Their raid on the bank in Saint Denis had been a bad idea from the start, even Dutch, with his mind as clouded and muggy as Bayou Nwa, could see it. But Hosea, for some reason that Arthur could never see, maybe desperation, or some sort of misguided hope, had latched onto it like a hound dog with a hide, and insisted that they do it.

"You wanted him to die, didn't you?"

And for that he'd died like a dog. Shot down in front of them, writhing on the ground in pain, not even granted a second shot to put him out of his misery. Even a cruel master would grant a hound an easy death, and yet Hosea had been left to suffer his death. Dutch may have been bending under the thousands of pounds of pressure put on his shoulders, of trying to support a gang twenty strong in a shrinking world, may have been beginning to crack, to give way, after the blow to his head,

"You told them to shoot him, didn't you? Wanted him out of the way!"

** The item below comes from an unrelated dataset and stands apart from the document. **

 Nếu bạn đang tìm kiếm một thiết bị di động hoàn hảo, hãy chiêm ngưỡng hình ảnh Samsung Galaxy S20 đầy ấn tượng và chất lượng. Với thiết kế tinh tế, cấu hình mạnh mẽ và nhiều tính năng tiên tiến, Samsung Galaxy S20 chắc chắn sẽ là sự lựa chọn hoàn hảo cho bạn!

but it was the loss of his partner, his companion of well over twenty years, that made him shatter. Made his weakened mind snap, left him wild-eyed and nonsensical, desperate and lashing out at anyone and everyone. Struggling to run the gang when he no longer had someone to keep him in check, to keep him in line. Paranoid and fearful, seeing betrayal where there wasn't any, loyalty in all the wrong places.

"It should have been you!"

And Arthur would never know what had started the fight. Dutch had been so volatile lately, it could have been anything. A word taken the wrong way, even just a look. But it had quickly grown out of hand; where Arthur and, once they saw how quickly things were going south, John, Susan and Charles, had tried to defuse it, Dutch had done the opposite, trying to anger Arthur. Tried to goad him into a fight, to make him lose his temper.

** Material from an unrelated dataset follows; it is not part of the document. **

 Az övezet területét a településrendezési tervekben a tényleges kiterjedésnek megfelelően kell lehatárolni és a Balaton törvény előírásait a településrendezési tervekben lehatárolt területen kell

"Why couldn't it have been you?!"

In the end, though, it was Dutch that had lost it. It had been years since Arthur had seen him cry, and in fact he hadn't. But there was no denying the way his face had twisted up, his brown eyes, hidden by his perpetually dilated pupils, gleamed, and the way his voice had cracked.

And he had sounded so tired, even as he turned to walk to his tent. But the sincerity in his voice had stabbed Arthur like a knife to the heart,

"Why? Why did it have to be him? Why couldn't it have been you?"

and he had felt what remained of his world crumple out from beneath his feet, feeling Dutch leave him, being as far away as Hosea despite being within arm's reach.

"It should have been you!"

"You should have died instead of him!"

"We'd all be better off if it had been you!"

"We should have left you on those streets!"

"Hosea would still be alive if it wasn't for you!"

"You wanted him to die, didn't you?"

"You told them to shoot him, didn't you? Wanted him out of the way!"

"It should have been you!"

"Why couldn't it have been you?!"

"Why? Why did it have to be him? Why couldn't it have been you?"

Arthur brought his gun up, the grip cool against his palm. As he raised it, a beam of sunlight caught the intricate engraving of a stag overlooking a mountain range, standing out in stark relief against the grain of the gun; the etching seemed to glow gold.

The barrel of the gun clicked uncomfortably against his teeth as he dropped his jaw, barely managing to fit it inside-he should have had the scope removed. But he managed, and carefully adjusted the gun, knowing just where to aim.

He was a fuck-up, a mistake that shouldn't have ever been born. But Arthur was determined to see this through right. He never could do any good, but he sure as Hell could destroy things, and he relied on that now.

Flicking off the safety, he rested his finger on the trigger.

"You have to hold steady. Breathe slowly... and always pull the trigger on empty lungs."

Hosea had told him that, and he always listened to Hosea. So he inhaled deep, appreciated the crisp air in his lungs. Appreciated the smell of the Daffodil field he had found himself drawn to. He exhaled, long and slow, trying to breathe out the trembling that rattled the gun against his teeth. Appreciated the fading yips of coyotes as they retreated to their dens for the day.

His lungs empty, he tightened his finger on the trigger, and knew no more.